Staying Woke Requires Rest

 

By Prisca Dorcas Mojica Rodriguez

My name is Prisca Dorcas Mojica Rodriguez, and I have taken a sabbatical from life because I am currently in recovery.  I am recovering from sexism, White academic spaces, and a devastating heartbreak.   

Graduate programs are interesting spaces to find yourself in, as a Brown working-poor Latina immigrant.  Graduate programs are full of highly intuitive and introspective personalities, and it is a recipe for disaster-- a beautiful and enlightening disaster, but a disaster nonetheless.  I can only compare it to oil, because when you heat oil up, a lot of it, it splashes and someone in its proximity will get burned.  Students of color in graduate programs are like oil, in rest, and in these predominantly White spaces we are made to think and question everything because we are living situations where we are experiencing racism with newly-found language – and THIS, this is the heat to our oil, this is the combustible situation.

That was my experience. I was “okay” before.  Then someone told me, that spicy was actually a dehumanizing way of referring to me, in front of the person who boldly called me spicy in class.  And then someone recommended a book on sexual liberation, as I found myself in a marriage that was void of those types of conversations. I began to boil.  

I was having conversations that turned my life, as I knew it, upside down.

My entire body started to react to my realities through a new lens, a lens that I could not un-see through once I saw through it.  

In 2013, I spent October-December in a sleepless haze.  As I began to shift my convenient friendships to intentional circles of resistance, my aesthetics became intentionally hyperfeminine, hypersexual, hypervisible. My writing was becoming sharper, angrier, and indignant.  

I was changing right before my eyes, and it affected EVERYTHING.

When the boiling turned into an explosion, my entire life fell apart, or as I say now: fell into place.  But I found myself separated from someone I loved but could not be with anymore, writing a thesis that had my sweat and tears streaming through the paper, and I felt alone in an academic space that at one point had felt inviting, and suddenly felt suffocating and tokenizing.  

I could no longer see my future, I could no longer see me in any future.  I felt like I was struggling just to get through the day to day.  I did not dream.
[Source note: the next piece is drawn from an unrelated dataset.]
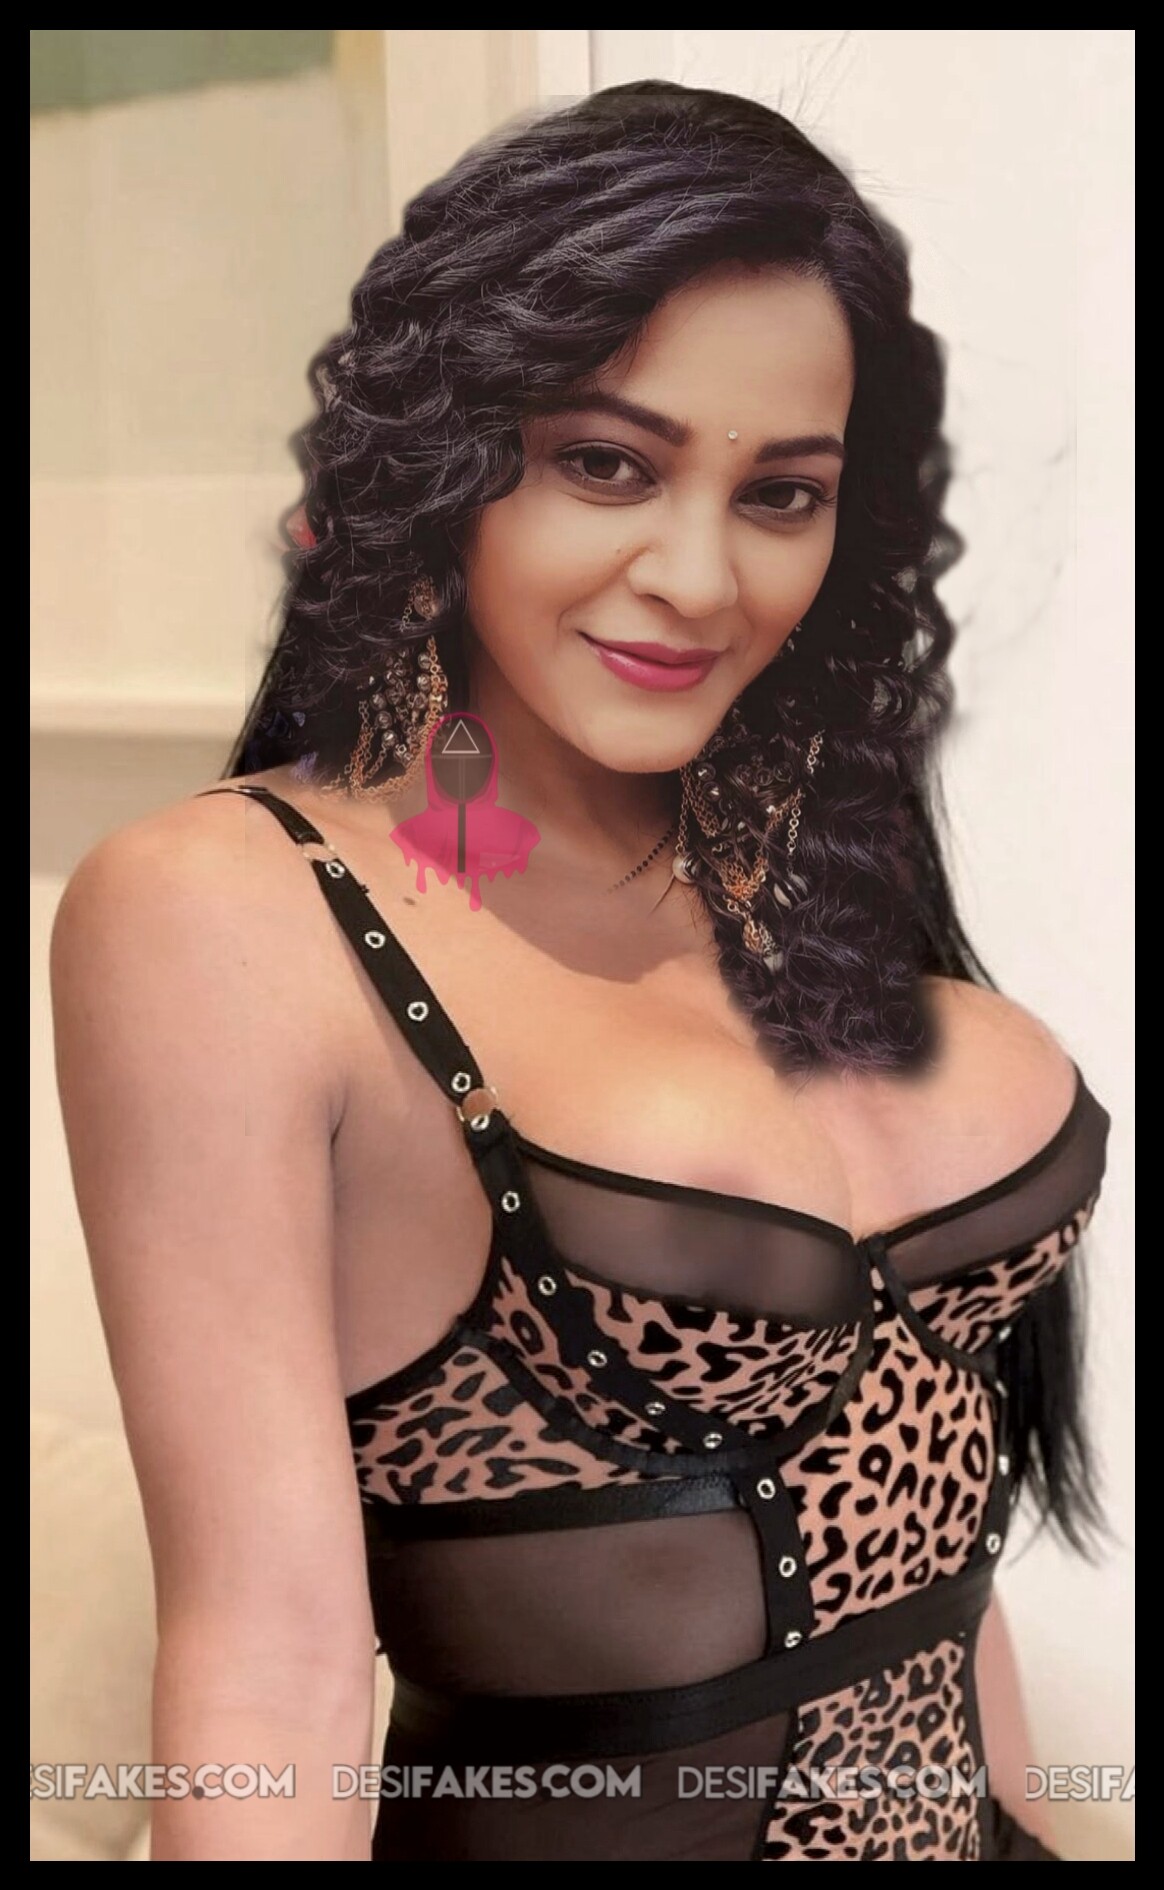 Xxxanemalshd - Indian Tv Actress Bollywood Nude | Sex Pictures Pass

I no longer aspired.  I felt like I wanted to disappear -- and a lot of that had to do with my own mental illness, depression, and anxiety.  
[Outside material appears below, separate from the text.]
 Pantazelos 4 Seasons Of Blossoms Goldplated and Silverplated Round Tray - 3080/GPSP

But thankfully, all my intentional efforts meant that I had a phenomenal network of friends and mentors who said: you need to rest.  

And not in the “You can’t do this, this isn’t for you” kinda way, but more so in the “Heal, because when you come back from this darkness and this abyss you are going to be unstoppable,” and, “When you gain your strength, and cry this change and oppression out of your system: no one will be able to stand in  your way.”  I knew I could no longer keep going--that at that point, I did not have the energy to keep going.
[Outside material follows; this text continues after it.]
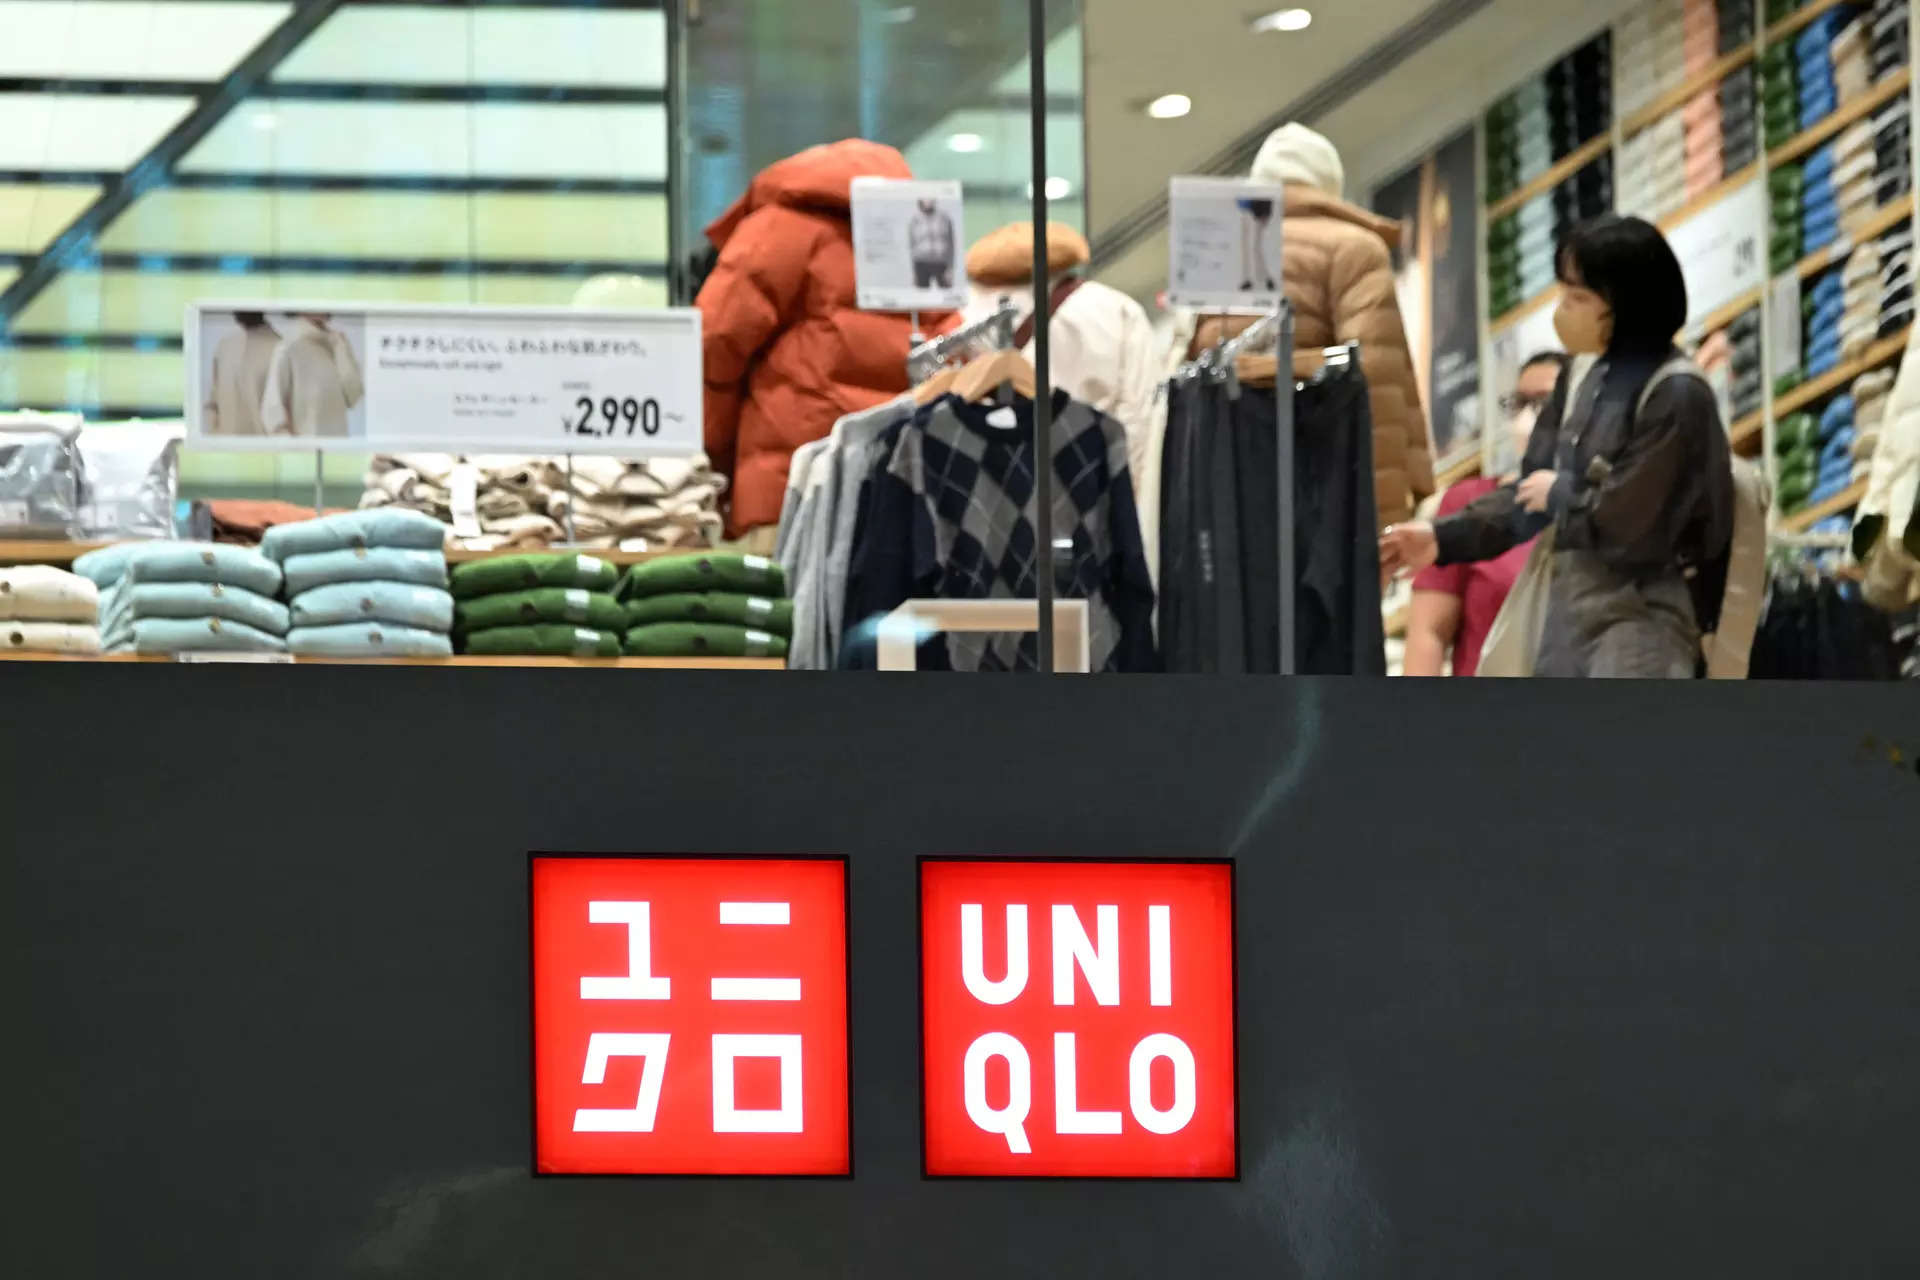 Swap your old clothes for discount coupons at Uniqlo Japan

Currently, I do not make anything close to livable wage, I write to heal and manage everything that I have gone through. I cry and I go to the beach with my mother.  I have said to life: I’ll be right back.  Because being Brown, and female, and a non-citizen from a working-poor context is like having all the decks stacked against you when you enter White male upper middle class academic spaces.  And I feel the pressure, and I process that intensely. And I needed the time to let that oil sit still, because the explosion burned me, but I made it out alive and I intend on staying alive by being intentional about how I take care of me.

I also know that I have a huge advantage, in having a home to come back to, no one to take care of but myself, and a mami and papi who have opened their home to me, rent-free.  I know I am living a dream, and a nightmare in my mind, all at the same time.  I know I am going to look back at this point in my life, and never regret not feeling like I was not productive enough, or making enough money, or being sufficiently caught up to what is expected for a woman my age; because I know that my life depended on this much needed sabbatical.  I cannot stress this enough: my life depended on this sabbatical. And the work that needs to be done so that other people do not have to recover from White spaces that are uninviting to us, will take all of us being strong and present and intentional about taking moments to heal from our own traumas.

My name is Prisca and I am currently on sabbatical, fighting for my life.

 

Prisca Dorcas Mojica Rodriguez is a chonga Mujerista from Managua, Nicaragua currently living in Miami, FL. She recently graduated with her Masters from Vanderbilt University, and is looking to take some much needed time off to refresh. She is also the founder of Latina Rebels, a blogger for HuffPo Latino Voices, and a columnist/editor at Chica Magazine. Her interests are within biopolitics as it relates to Latina embodiment, specifically concerning models of conquerable flesh around narratives of naturalization for women of color. Thus her work is around reclaiming and upholding embodied resistance, particularly within chonga and chola subcultures. Que viva la mujer!